3.107        During operation of the new crematorium, the air pollutants of concern include respirable suspended particulate, total organic carbon, hydrogen chloride, carbon monoxide, mercury, dioxins, sulphur dioxide and nitrogen dioxide.  The predicted air quality at the nearby ASRs would comply with the AQOs and relevant air quality guidelines with the implementation of recommended mitigation measures.  No odour nuisance from the new crematorium is anticipated.  By incorporating flue gas treatment system in joss paper burners and limiting joss paper burning activities through administration procedures, nuisance arising from joss paper burning is anticipated to be negligible.

 

3.108        In order to ensure compliance with the legislation requirements, the conditions and the continuous monitoring stipulated in the BPM12/2(06) – A Guidance Note on the Best Practicable Means for Incinerators (Crematoria), published by EPD, shall be conducted.   The monitoring of the air pollutants shall comply with the requirements of BPM and future Specified Process License of new crematorium, to be issued by EPD under the APCO.  Necessary monitoring equipment and techniques should be provided and used to demonstrate that the process is properly operated and the emissions can be minimized to meet the air pollution control requirements.
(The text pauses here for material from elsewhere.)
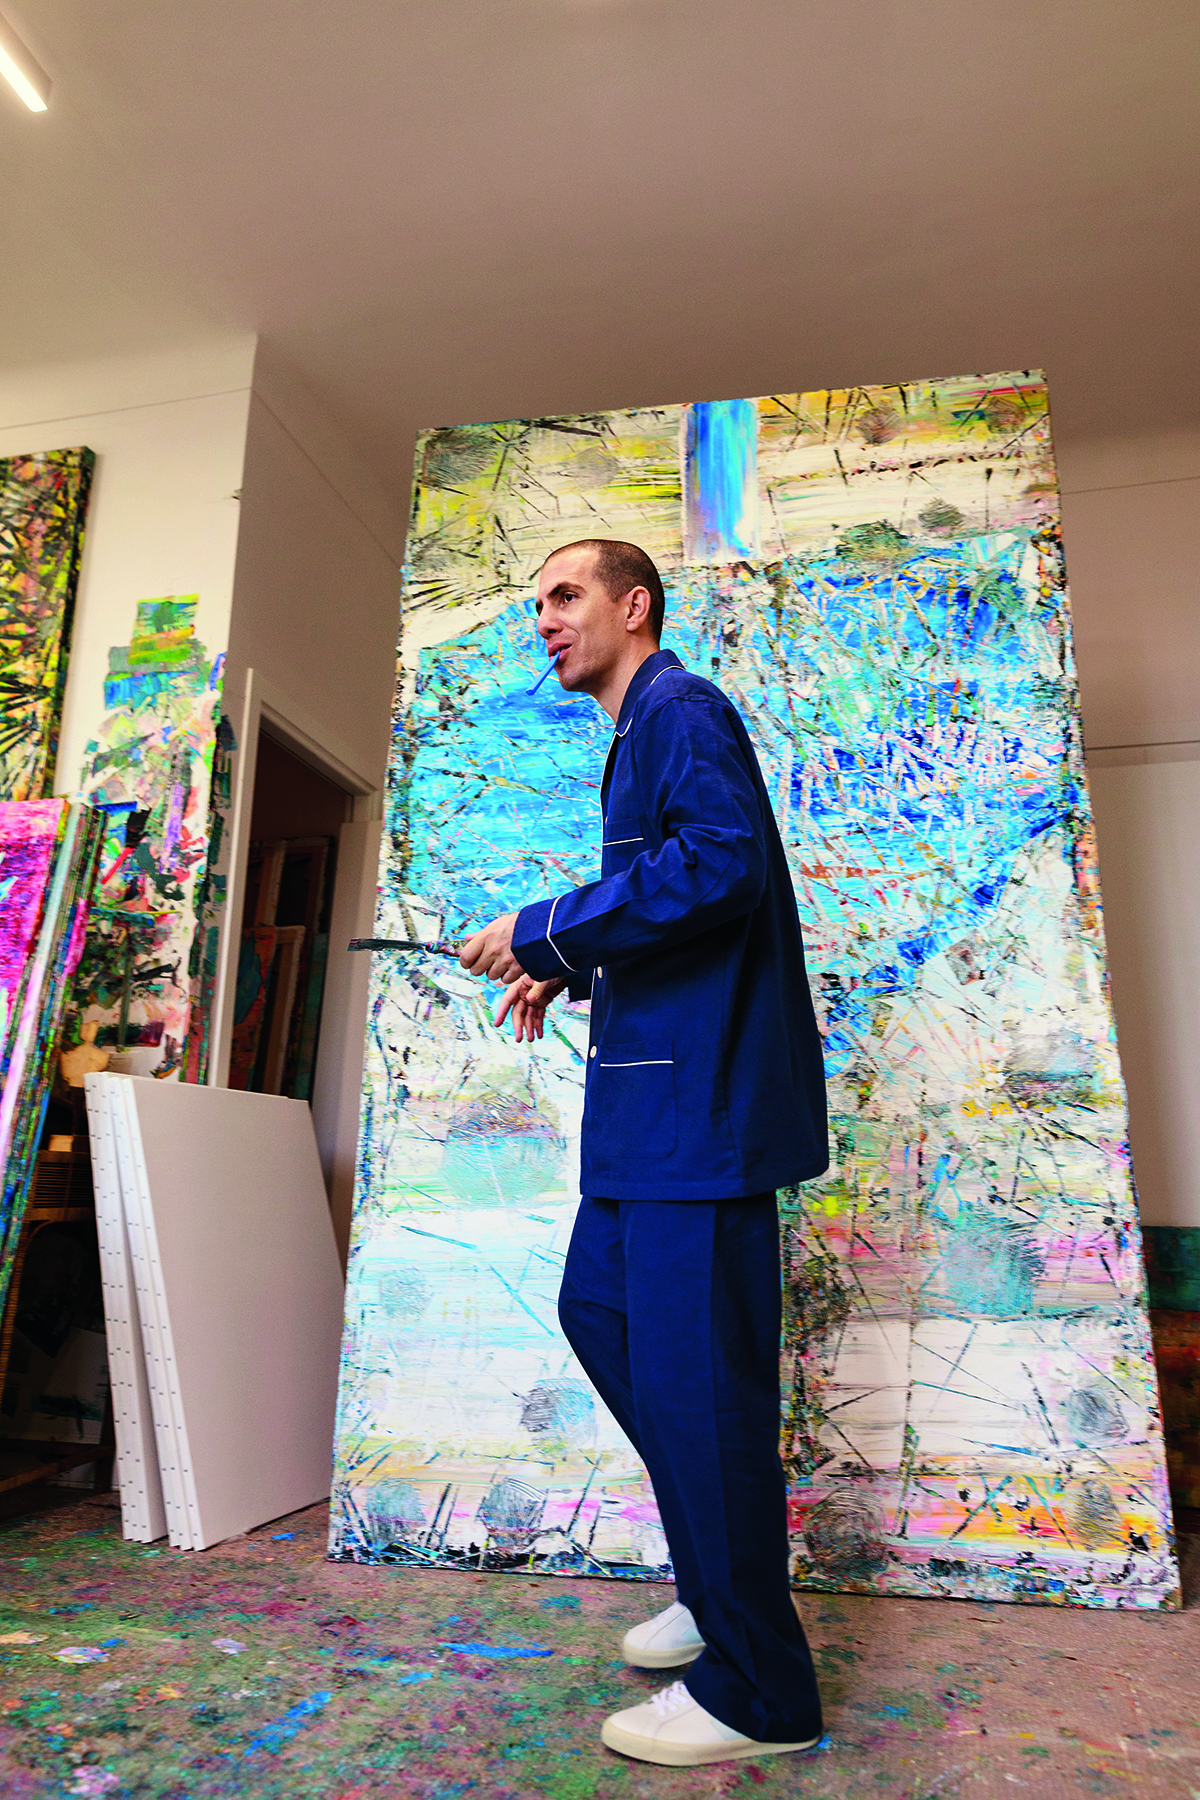 An artist in a studio standing in front of a multicoloured painted canvas

The scope, manner and frequency of the monitoring should be sufficient for this purpose and will be determined by EPD.

Conclusion

3.109        The potential dust impacts arising from the demolition and construction of the Project were assessed.  Results showed that the predicted air quality at the ASRs would comply with and far below the respective criteria with the implementation of dust suppression measures as stipulated in the Air Pollution Control (Construction Dust) Regulation.  Air monitoring and audit programme is proposed to ensure proper implementation of mitigation measures.

 

3.110        No adverse air quality impact would be expected during operation of the new cremators. Nevertheless, in order to ensure compliance with the legislation requirements, the conditions and the continuous monitoring stipulated in the BPM12/2(06) shall be conducted.